- [ACTION ITEM]: Return each line of the data below verbatim; pictures are to be left out.

- [INFORMATION PROVIDED]:

+ + + +

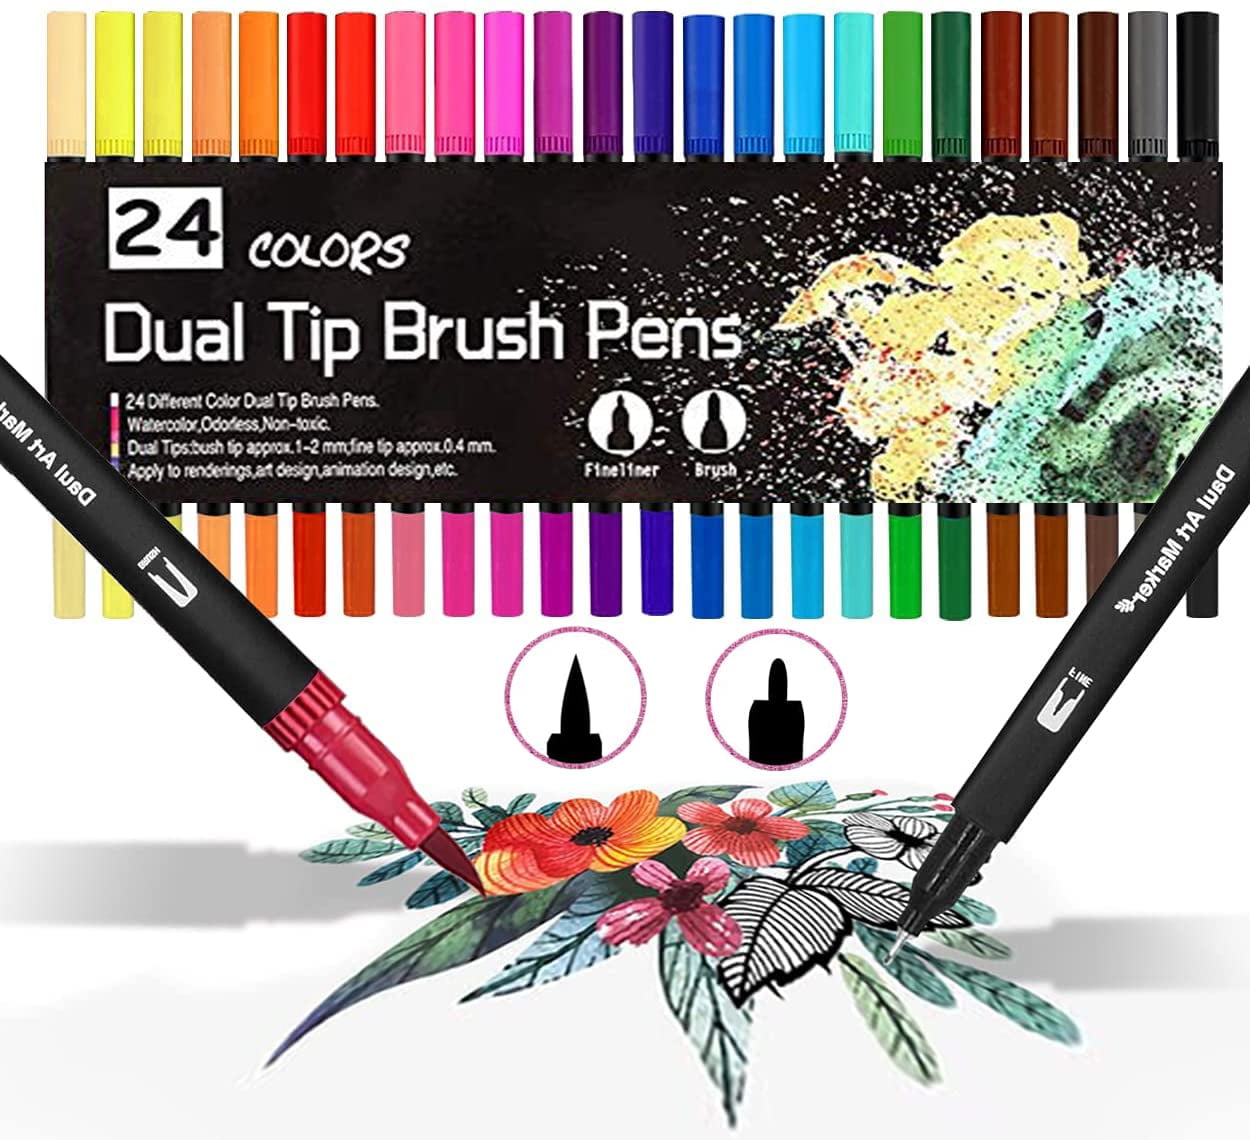 OBOSOE 48Colors Dual Tip Brush Pens, Brush Pens Markers Felt Tip Pens  Colouring Pens Brush Tip Art Markers for Adults Colouring , Sketching,  Painting
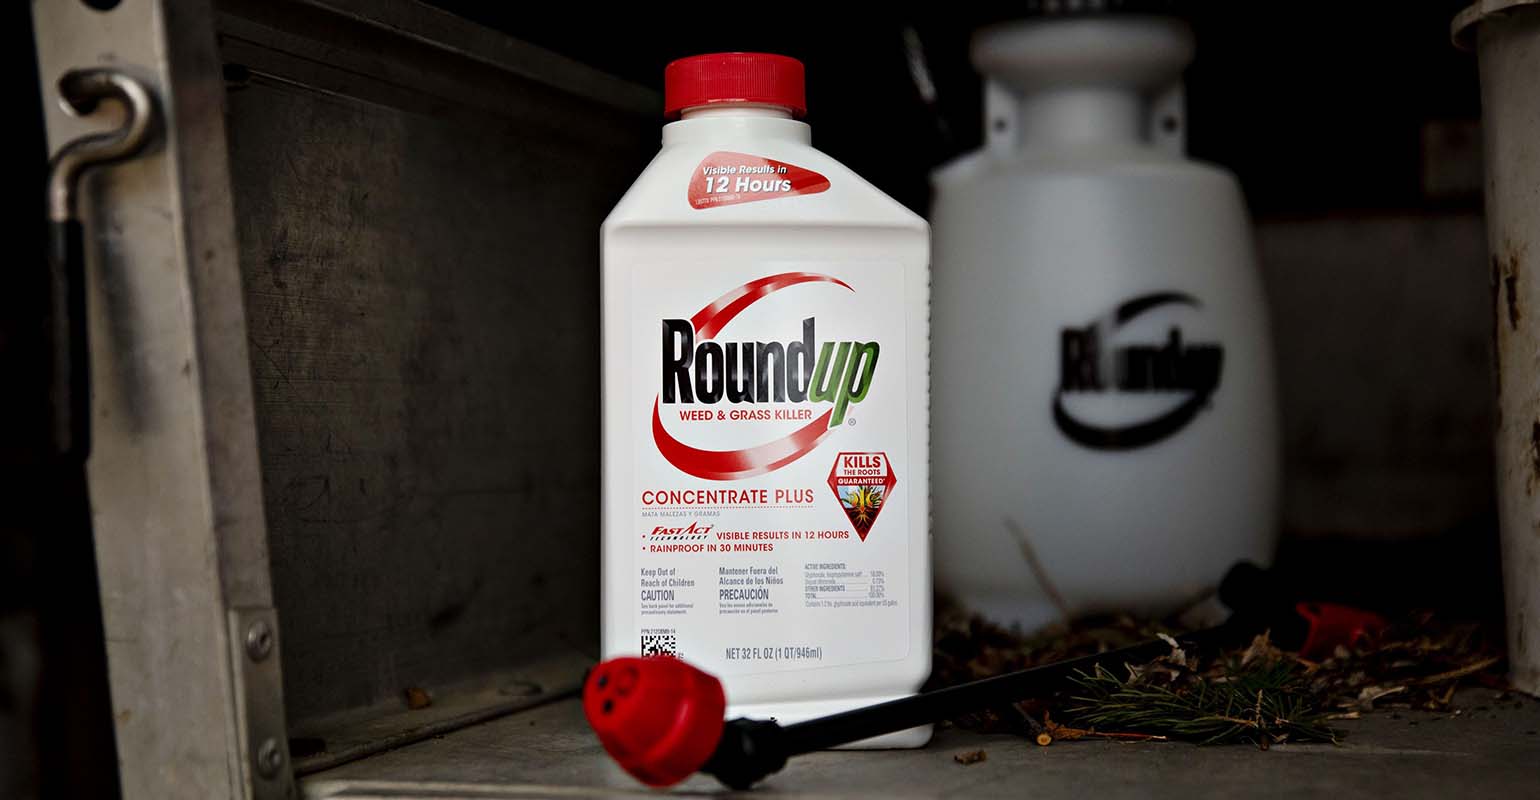 Bayer to replace glyphosate from US lawn products by 2023 - EHN
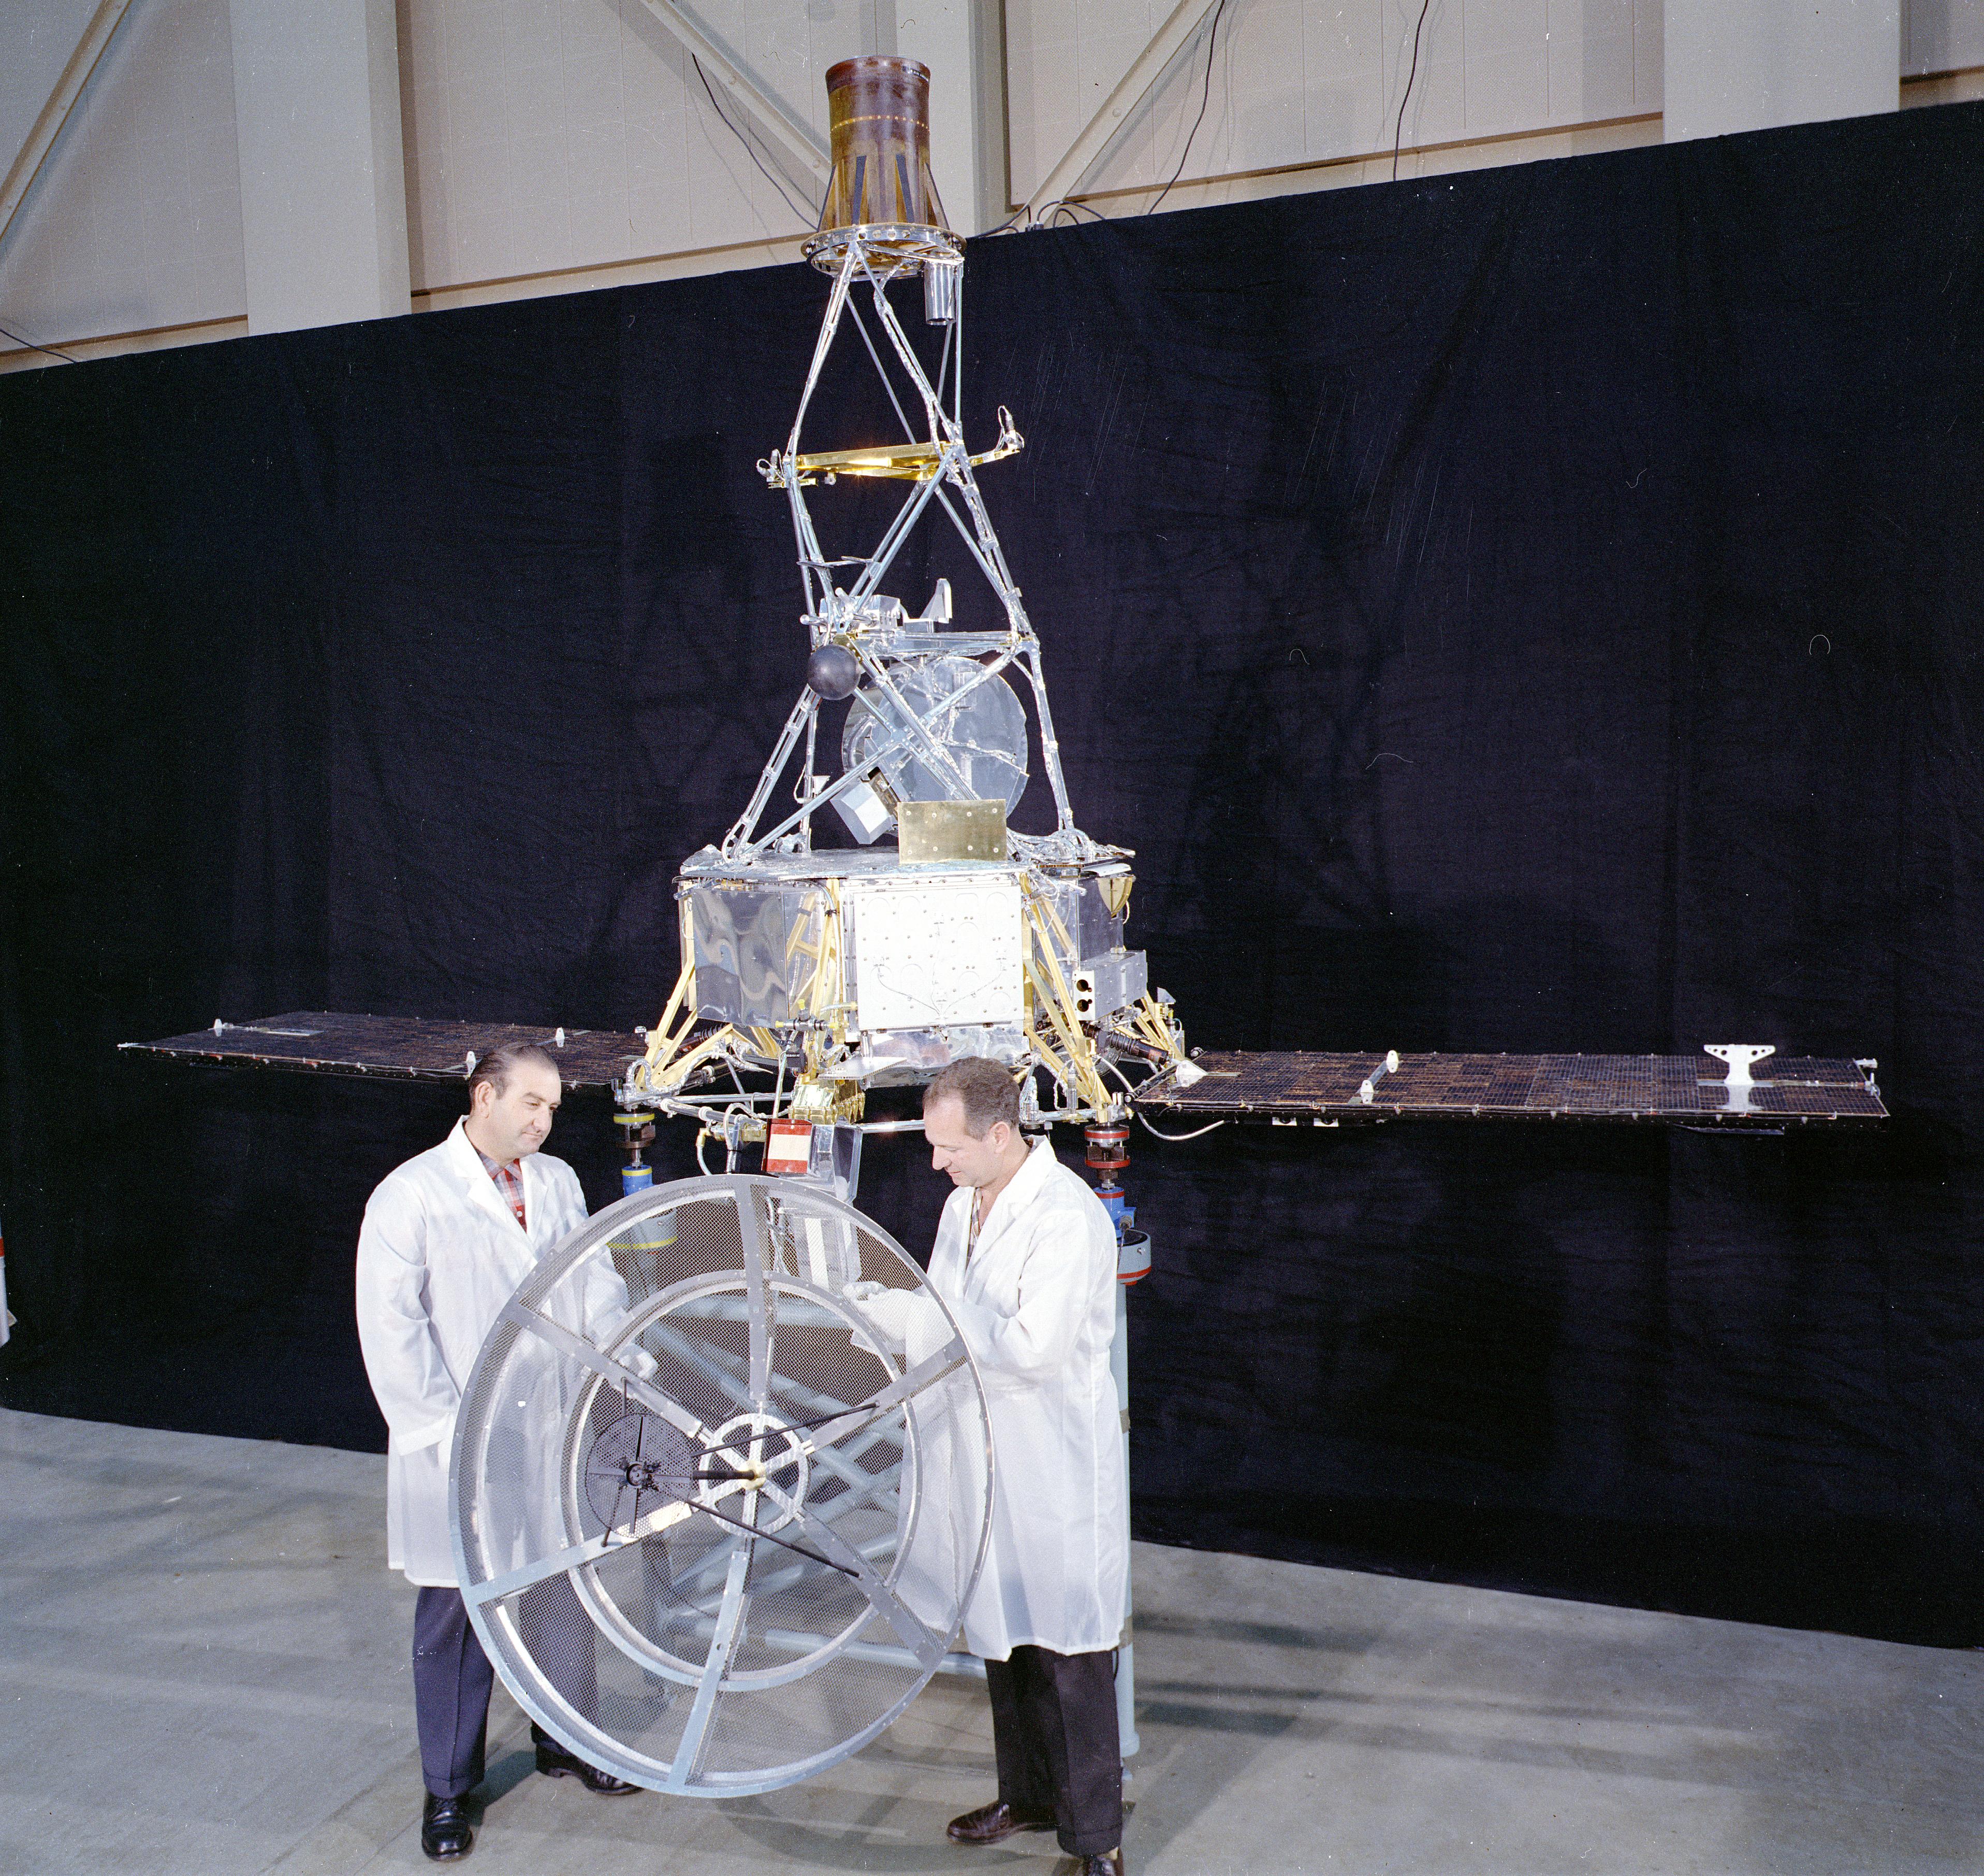 PIA23310: Mariner 1 in JPL's Spacecraft Assembly Facility

+ + + +

- [RESPONSE]:
 OBOSOE 48Colors Dual Tip Brush Pens, Brush Pens Markers Felt Tip Pens  Colouring Pens Brush Tip Art Markers for Adults Colouring , Sketching,  Painting
 Bayer to replace glyphosate from US lawn products by 2023 - EHN
 PIA23310: Mariner 1 in JPL's Spacecraft Assembly Facility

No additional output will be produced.